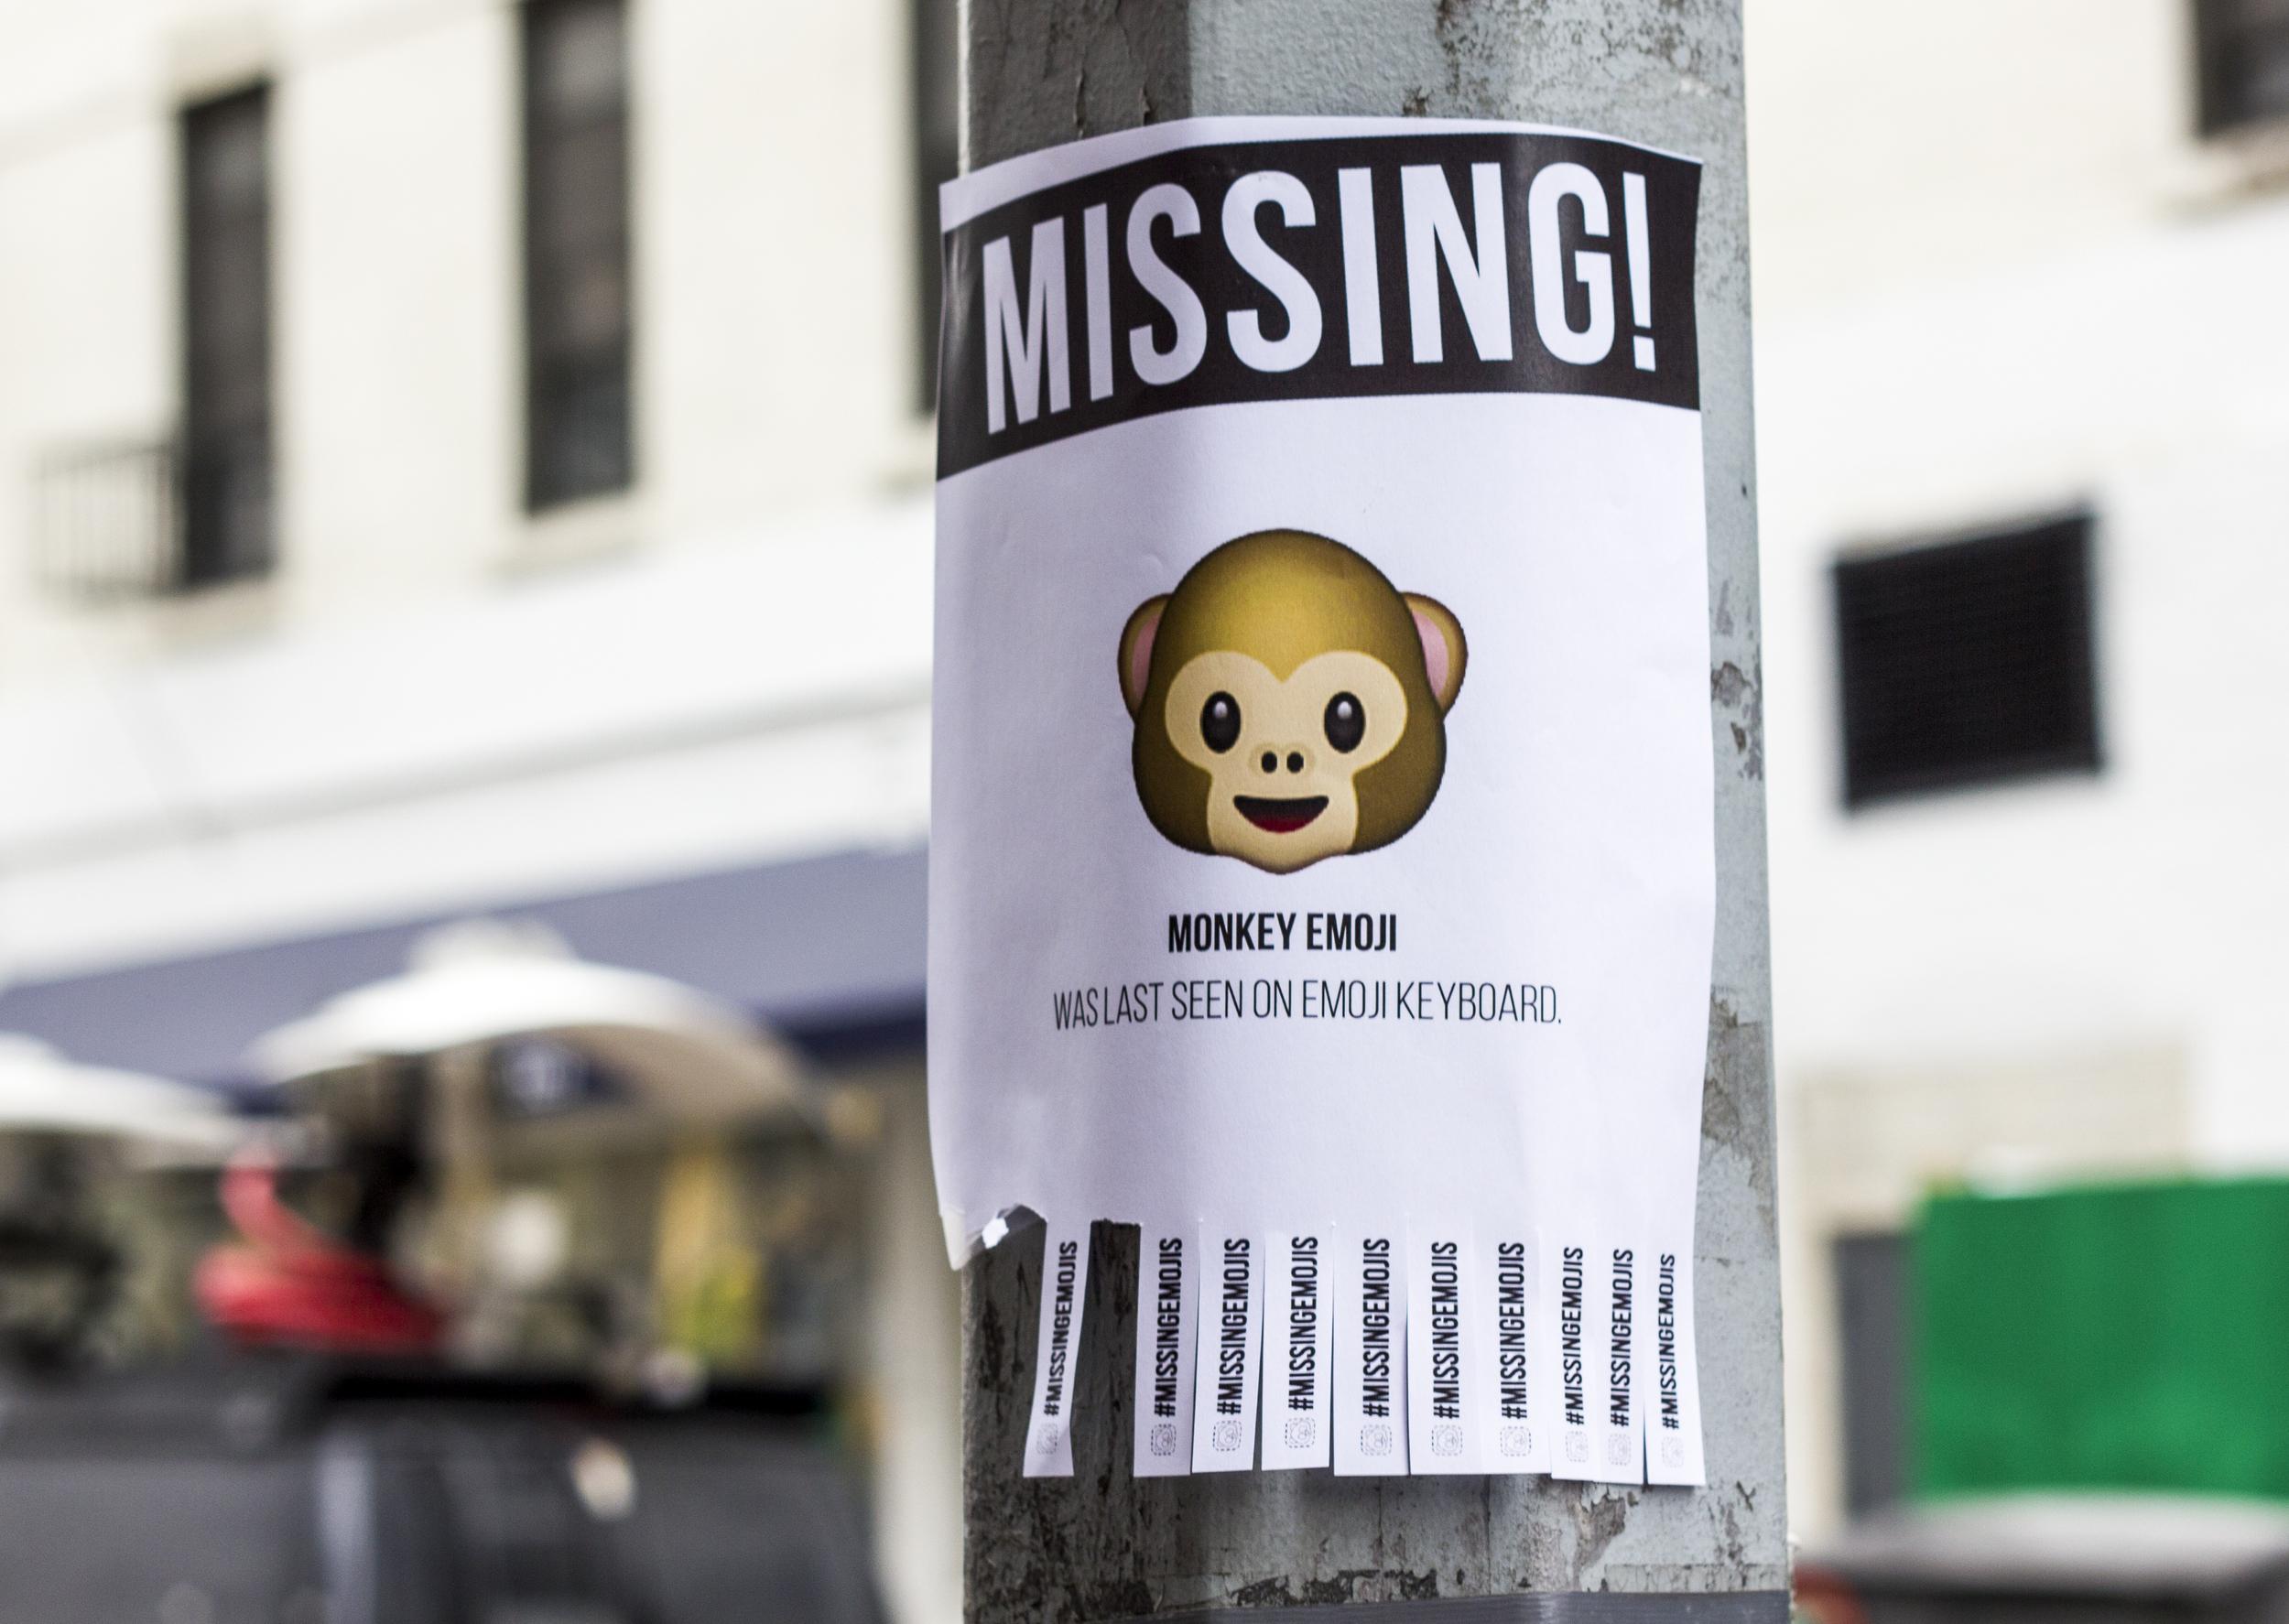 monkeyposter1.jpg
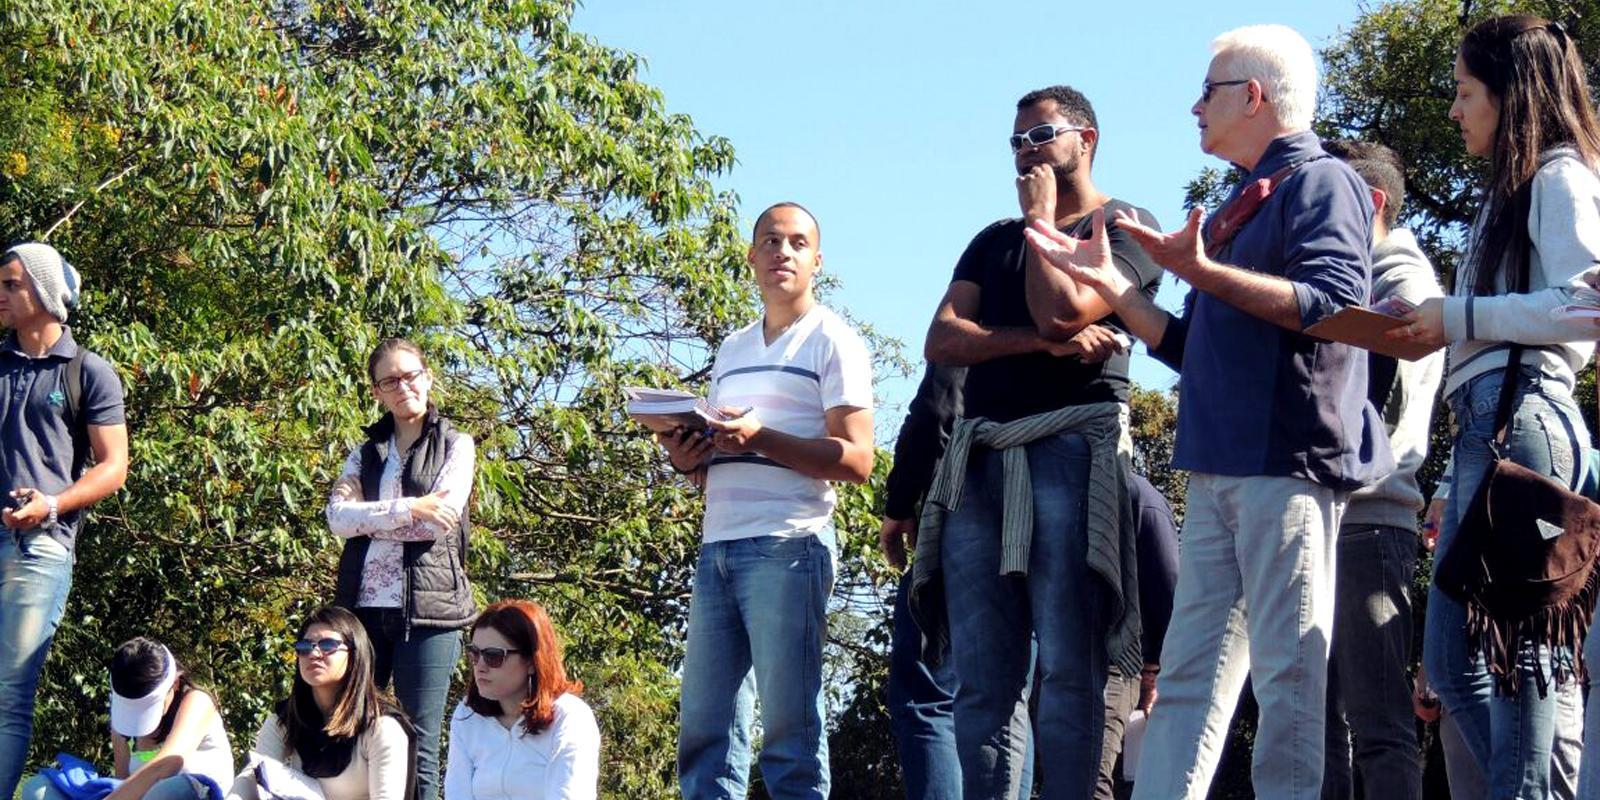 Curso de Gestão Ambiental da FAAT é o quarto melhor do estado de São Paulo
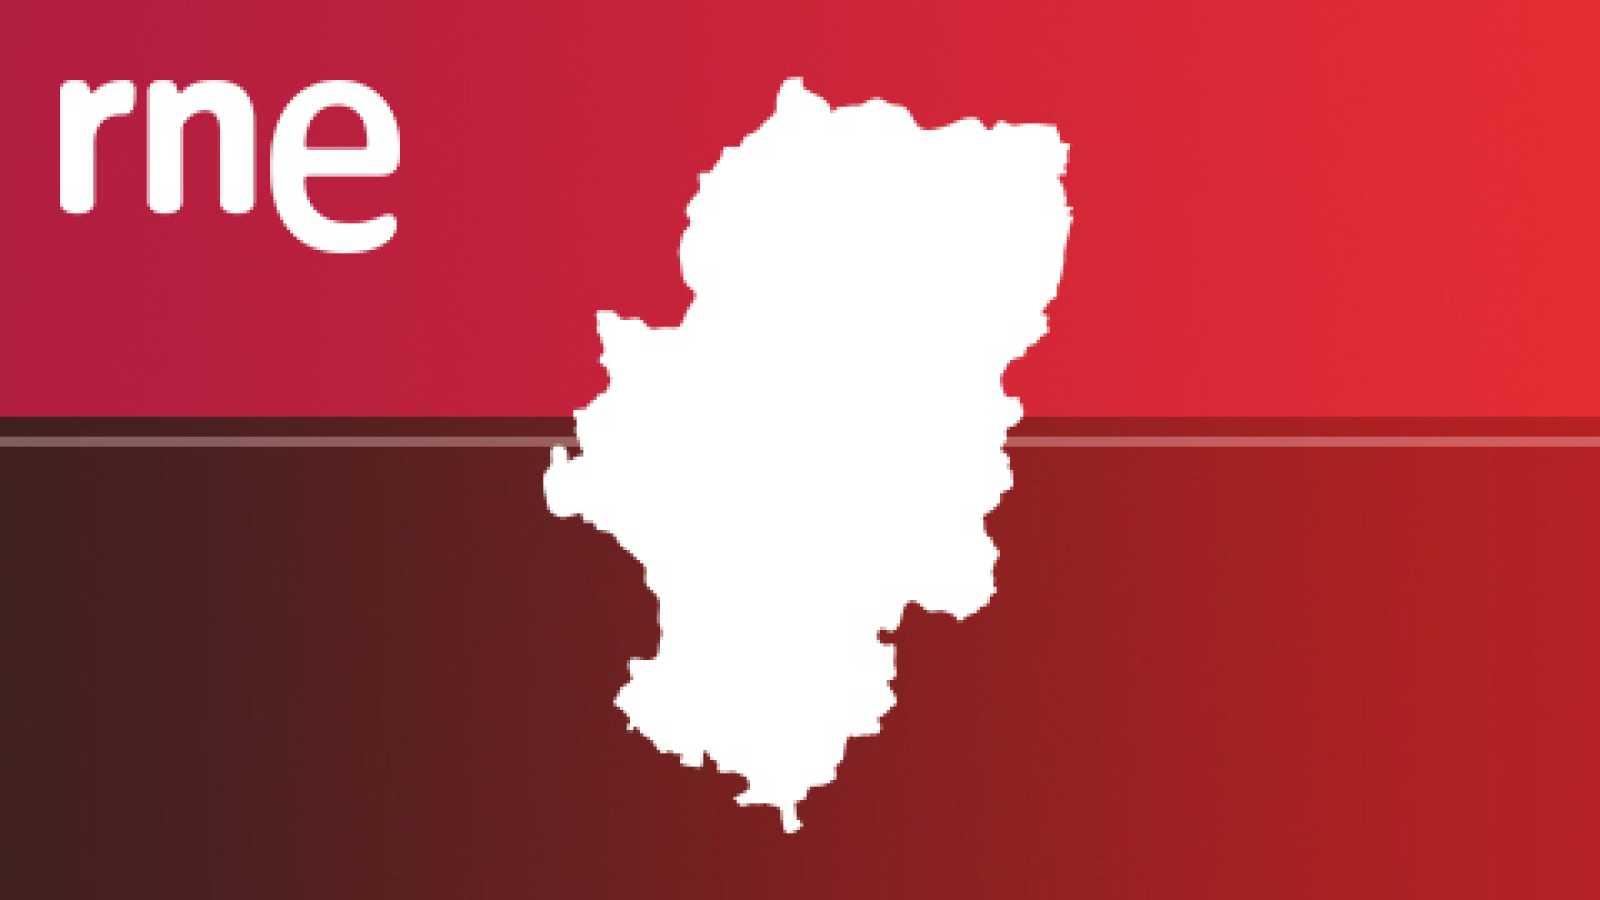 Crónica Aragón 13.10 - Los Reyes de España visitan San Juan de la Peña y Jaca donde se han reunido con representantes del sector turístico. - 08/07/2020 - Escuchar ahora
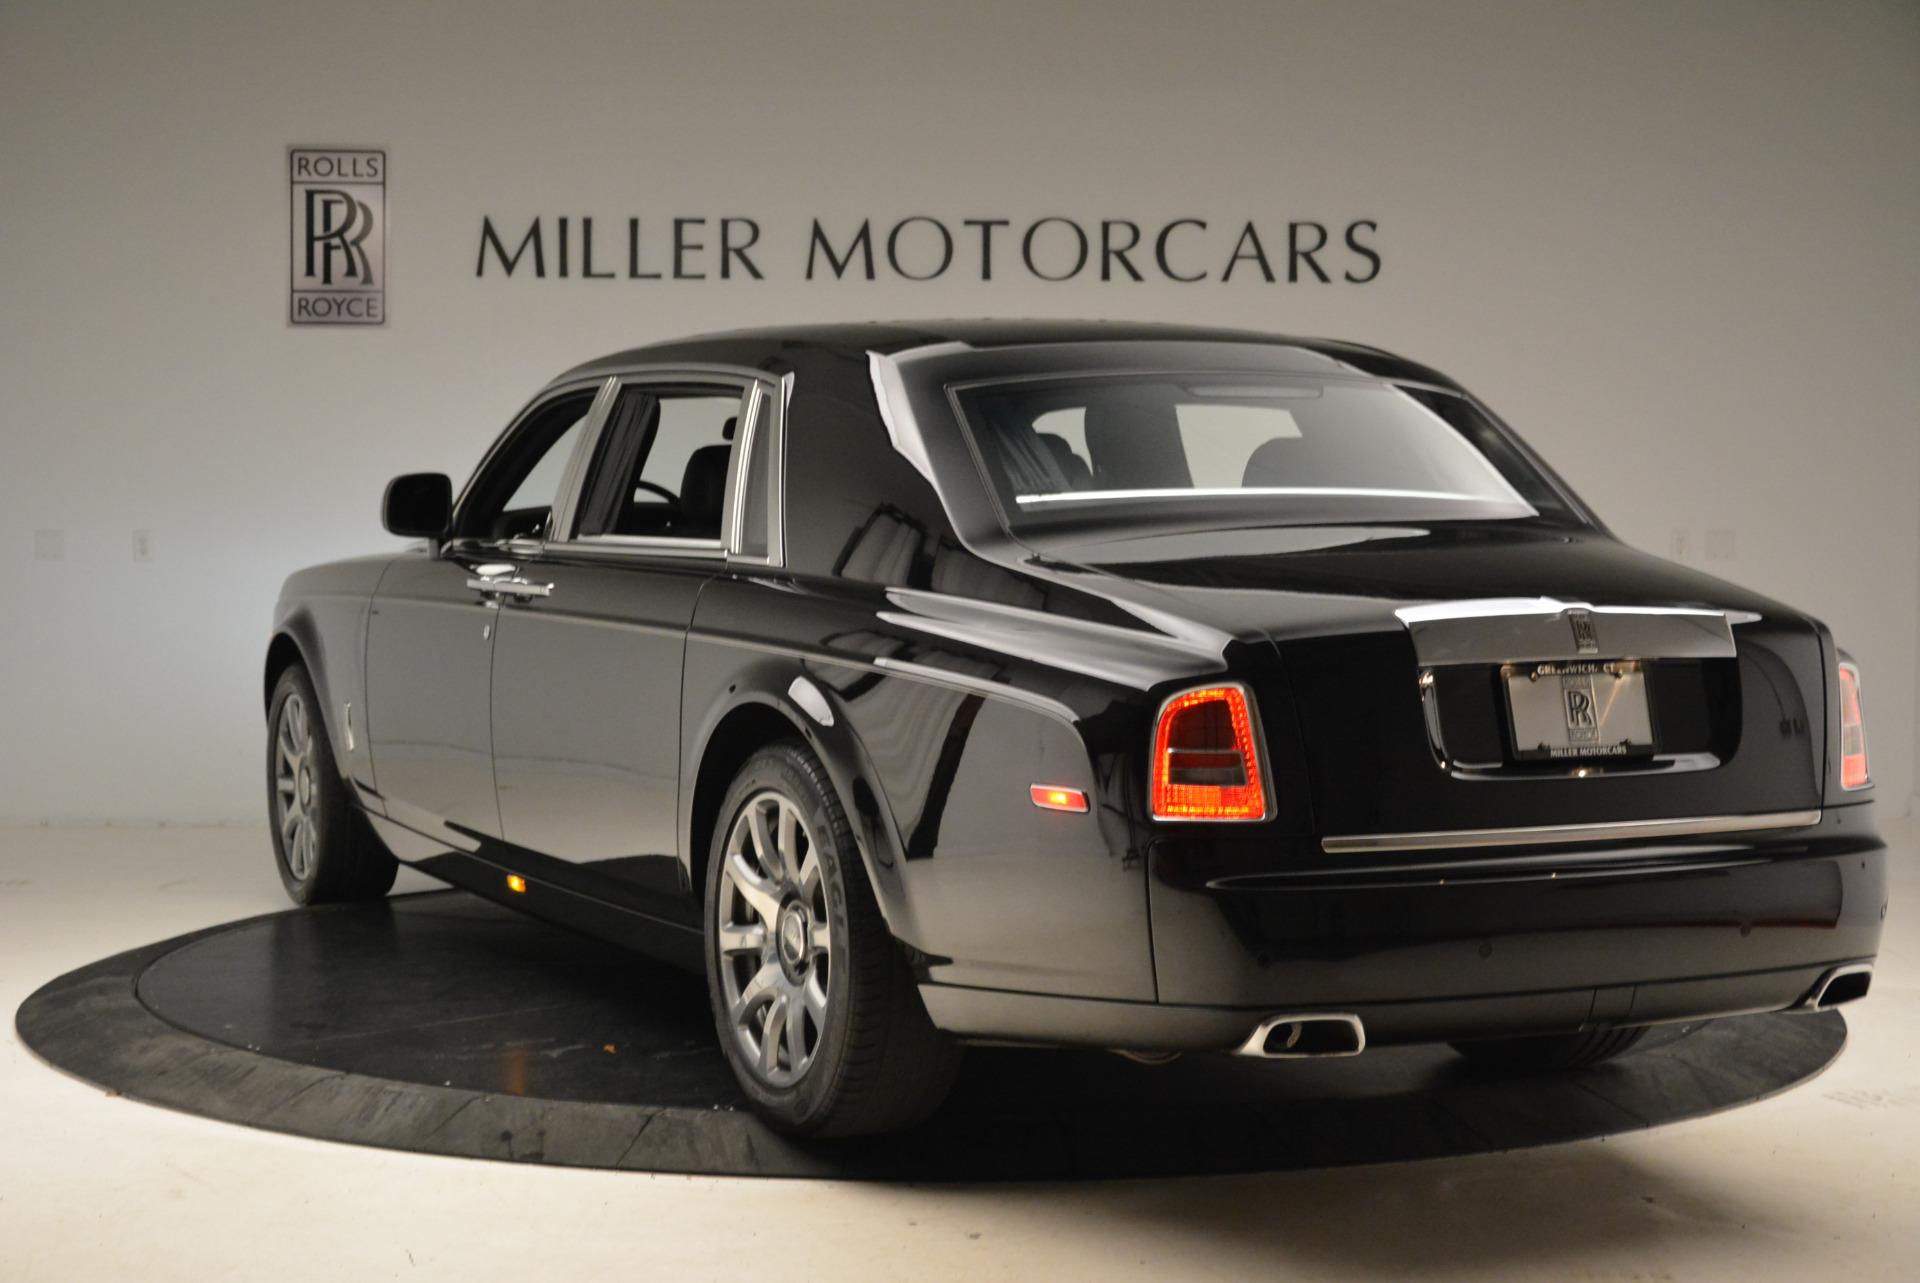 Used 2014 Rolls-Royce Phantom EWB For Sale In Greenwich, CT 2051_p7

◆ **WHAT YOU ARE ASKED TO DO**: Your copy must consist solely of the lines from the one containing "Curso de Gestão" through the final line of the material above, transcribed exactly, with the pictures left out.

◆ **WRITTEN SOLUTION**:
 Curso de Gestão Ambiental da FAAT é o quarto melhor do estado de São Paulo
 Crónica Aragón 13.10 - Los Reyes de España visitan San Juan de la Peña y Jaca donde se han reunido con representantes del sector turístico. - 08/07/2020 - Escuchar ahora
 Used 2014 Rolls-Royce Phantom EWB For Sale In Greenwich, CT 2051_p7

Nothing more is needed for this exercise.